Выбрать главу

Может быть, это объясняется и еврейским происхождением?

Я не думаю. Может быть, но этого как-то просто не вижу. Я думаю, дело в том, что английский язык, английская литература интересовали меня давным-давно в России. Я довольно много переводил с английского. Когда я попал в Штаты, то подумал, что вот наконец я, переводчик, приблизился вплотную к оригиналу.

Я имела в виду двойную культуру. Воспоминания о еврействе, даже если вы не были воспитаны в еврейских традициях.

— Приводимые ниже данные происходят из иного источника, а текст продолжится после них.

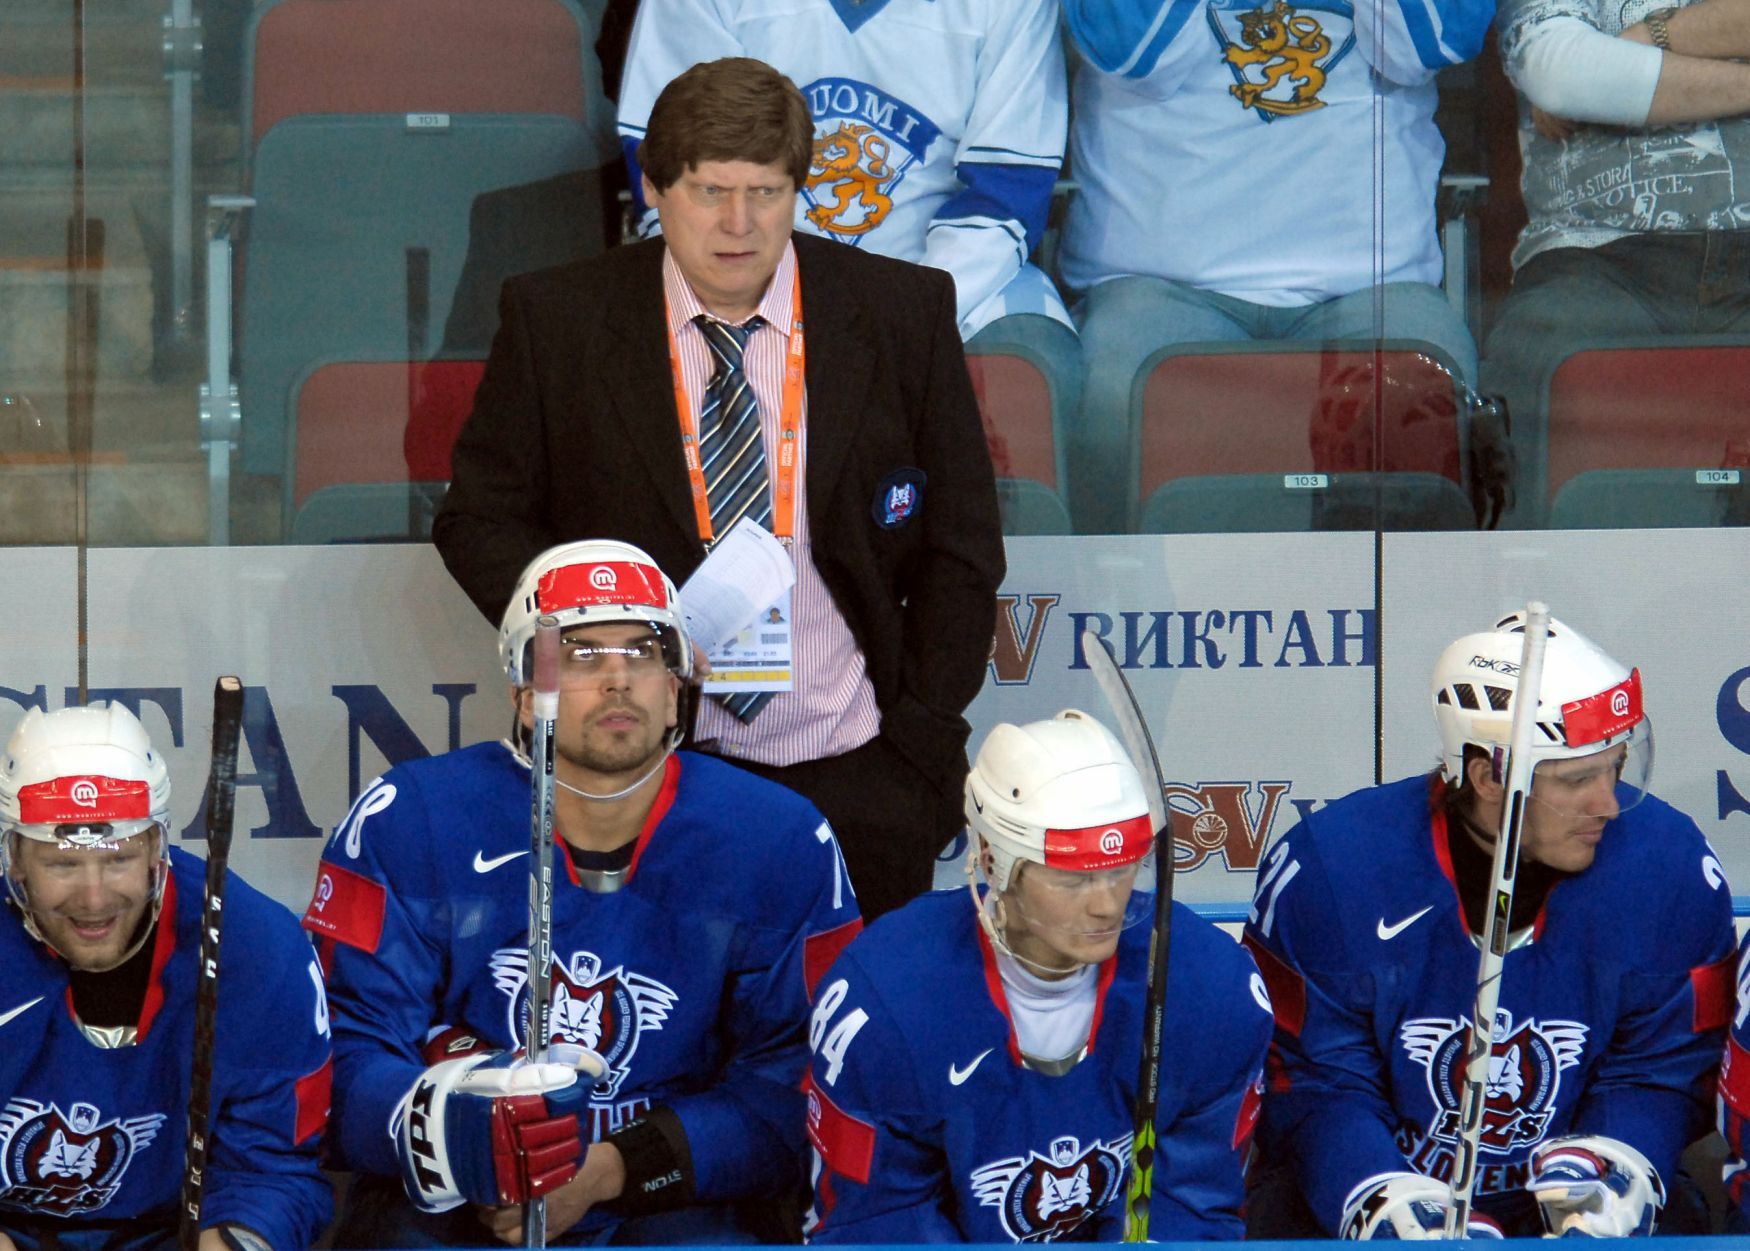 MS v hokeji 2006: Trenér František Výborný na lavičce slovinské reprezentace

Ну, у меня никаких воспоминаний нет, потому что в семье, среди родственников этого совершенно не было. Я был в синагоге только один раз, когда с группой приятелей зашел туда по пьяному делу, потому что она оказалась рядом. Любопытства ради. Культура начала становиться для меня "двойной" только с помощью английского. Но вся суть заключается в том, что она начала становиться не столько "двойной", сколько культурой, потому что Россия — только часть христианской культуры, одна ее сторона, довольно интересная, но не самая интересная. По крайней мере, это одностороннее представление о мире. Та цивилизация, та культура, к которой мы принадлежим, — это христианская или постхристианская культура. И мне видны на сегодняшний день, я надеюсь, две грани ее: рациональная английская и рефлексивная русская.

ХЛЕБ ПОЭЗИИ В ВЕК РАЗБРОДА

Игорь Померанцев

Журнал "Арион", № 3, 1995 год

Запись интервью, переданного по радио "Свобода" в 1981 году

Начиная с середины шестидесятых годов в самиздате ходило ваше стихотворение "Большая элегия Джону Донну". В то время Донн был почти неизвестен широкому читателю. Как вы открыли его для себя?

Наткнулся я на него таким же образом, как и большинство, — в эпиграфе к роману "По ком звонит колокол". Я почему-то считал, что это перевод стихотворения, и поэтому пытался найти сборник Донна. Но безуспешно. Только потом я догадался, что это отрывок из его проповеди. То есть Донн в некотором роде начался для меня так же, как и для английской публики, для его современников. Потому что Донн в его время был более известен как проповедник, нежели как поэт. Самое интересное, как я достал эту книгу. Я рыскал по разным антологиям. В шестьдесят четвертом году я получил свои пять лет, был арестован, сослан в Архангельскую область, и в качестве подарка к моему дню рождения Лидия Корнеевна Чуковская прислала мне — видимо, взяла в библиотеке своего отца — издание Донна в "Modern Library". И тут я впервые прочел все стихи Донна, прочел всерьез.

Когда вы писали "Большую элегию Джона Донна", что больше на вас влияло — его образ или собственно его поэзия?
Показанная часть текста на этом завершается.